Eating Close to Home

by Bill McKibben

If you want to understand the potential power of local economies, pay a visit to Burlington’s Intervale some afternoon between April and October. It’s on the site of the old city dump and of the last dairy farm in the city—it’s literally on the wrong side of the tracks, right behind the city’s main power plant, at most a mile from the center of town. Here, on a couple of hundred acres, a dozen different farmers are raising: vegetables, eggs, black beans, wheat, berries. Lots of them—at least a half million pounds. Six or seven percent of the fresh food needs of Vermont’s largest city. That’s a real number. That’s not a pilot project, or an experiment—that’s a sign of what could happen everywhere else. Because remember—this is Burlington, Vermont. Think long winter, think short growing season. Think Atlanta. Or Santa Barbara. Or Houston.

Does it matter? Of course it matters. Every bite of food from the Intervale travels maybe three miles before it reaches a gullet; the average American forkful, by contrast, covers 1,500 miles from factory farm to supermarket. And every bite of food here employs local people—fifty or more at the height of summer, even though two of the biggest farms are CSAs where members do much of the picking. Oh, and it tastes like food, not like “food.”

What would it take to scale it up further? Not so much, maybe. There’s plenty more rich land along the flood plain of the Winooski River. At the moment most of it is being used to grow corn for commodity dairy production. But what if, as many now think is possible, the city of Burlington starts backing the local alternative currency, Burlington Bread? If you could use the scrip to pay your taxes, and your light bill, it would become real overnight—not just a medium of exchange for backrubs and vegan meals. Suddenly every merchant in town would be willing to take it—and just as suddenly people holding the currency would have a strong incentive to use it at, say, the Intervale. Or some other local farm.

But what would it really take? It would take the continued spread of the idea that we are neighbors, members of communities, instead of isolated consumer atoms each engaged in the economists’ beloved search for the lowest price. And that is a deep cultural change, one that won’t happen without lots of people speaking and writing and living it. I spent last winter living only on the food of the Champlain Valley, just to see if it could be done. It could—in style, even in the middle of March. And it didn’t just taste good—it felt good. I met neighbors, got to know my county in a new way. And sensed the possibilities for what could someday come.

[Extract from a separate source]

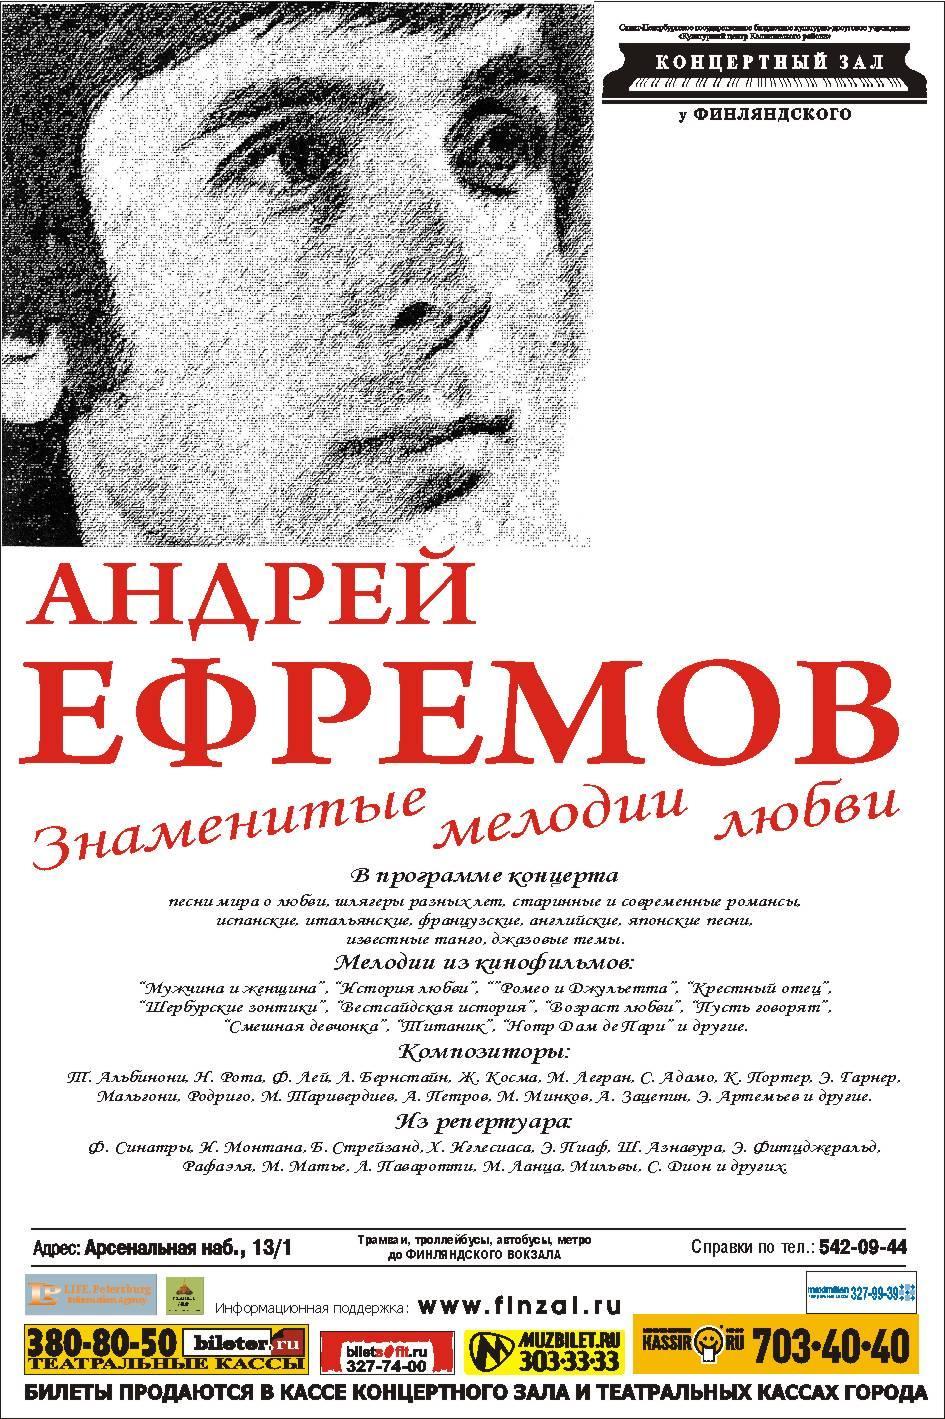 http://andreyefremov.ru/POSTERS/post5.jpg

Cheap energy has allowed us to spend the last 200 years expanding our supply lines. But expensive oil and the threat of global warming may well compel us to spend the next century slowly reeling them in. That sounds grim—like scarcity and hardship. Until you visit the Intervale on an empty stomach.

Bill McKibben is the author of The End of Nature, and Wandering Home: A Long Walk Through America’s Most Hopeful Landscape, Vermont’s Champlain Valley and New York’s Adirondacks.